Exercise data:
○ ○ ○
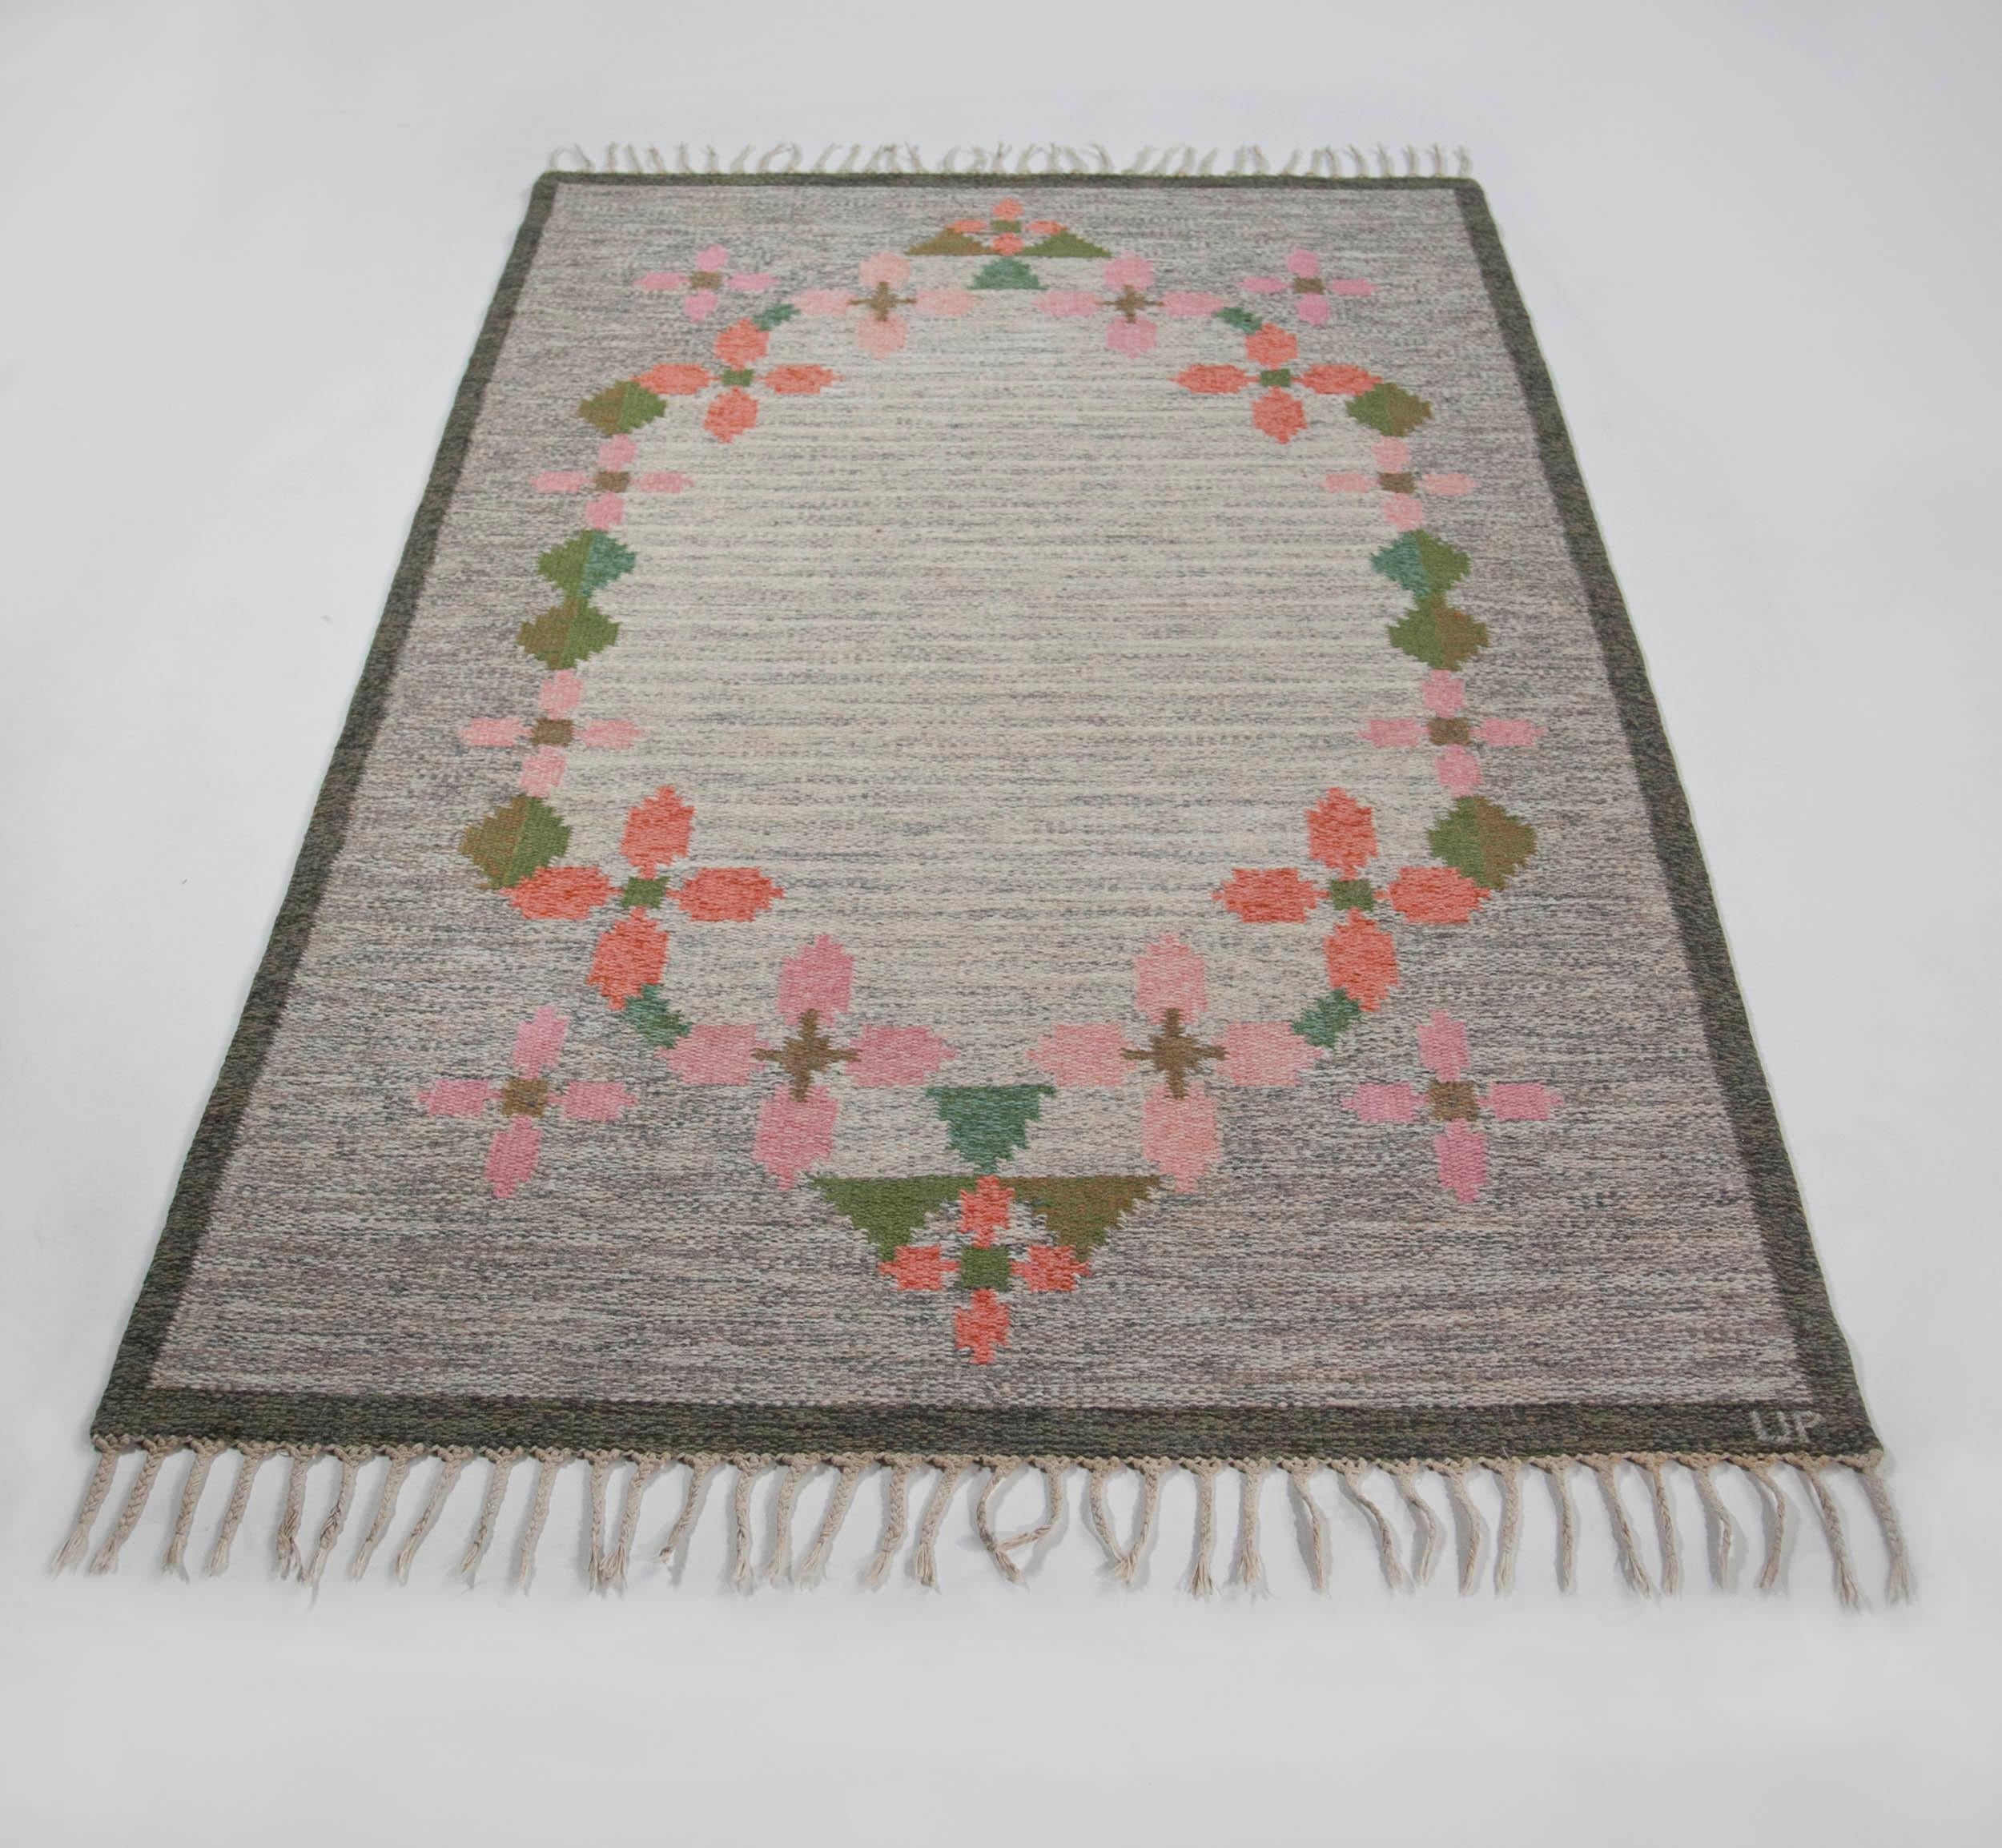 Ulla Parkdah Swedish flat-weave rug, signed UP, Sweden, 1960s

This particular Swedish carpet is a wonderful representation of midcentury Scandinavian rug design, especially in its treatment of geometric floral details. In the case of this carpet,
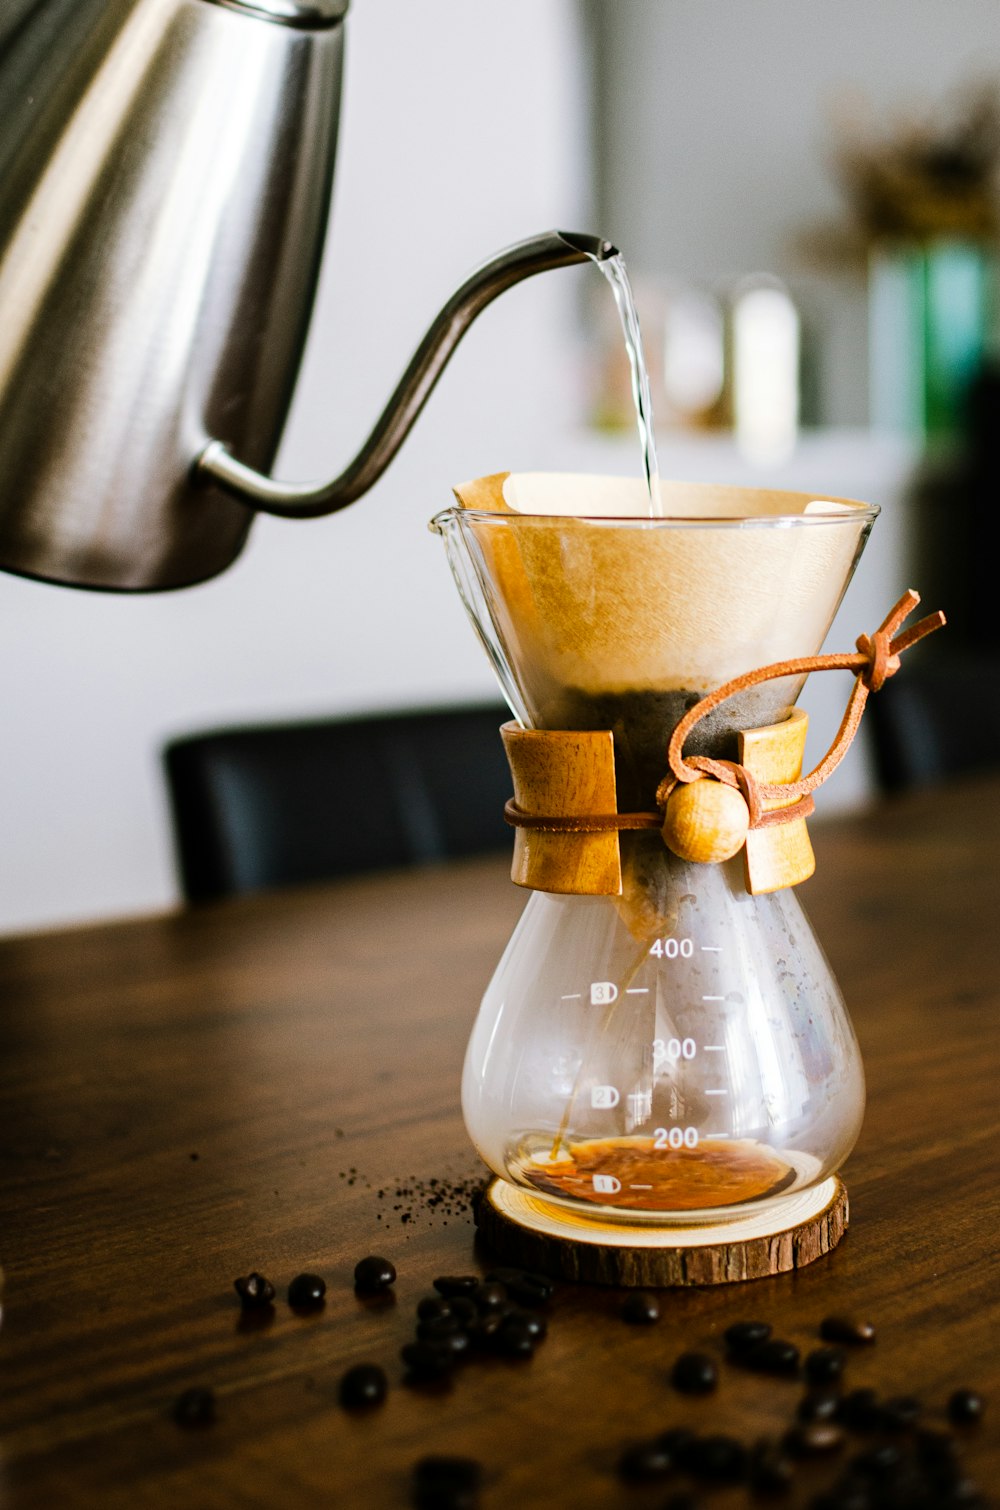 a coffee pot pouring coffee into a cup
○ ○ ○
Work to be completed:
Omit each picture, then return all of the listing exactly as it stands.

Your response:
 Ulla Parkdah Swedish flat-weave rug, signed UP, Sweden, 1960s

This particular Swedish carpet is a wonderful representation of midcentury Scandinavian rug design, especially in its treatment of geometric floral details. In the case of this carpet,
 a coffee pot pouring coffee into a cup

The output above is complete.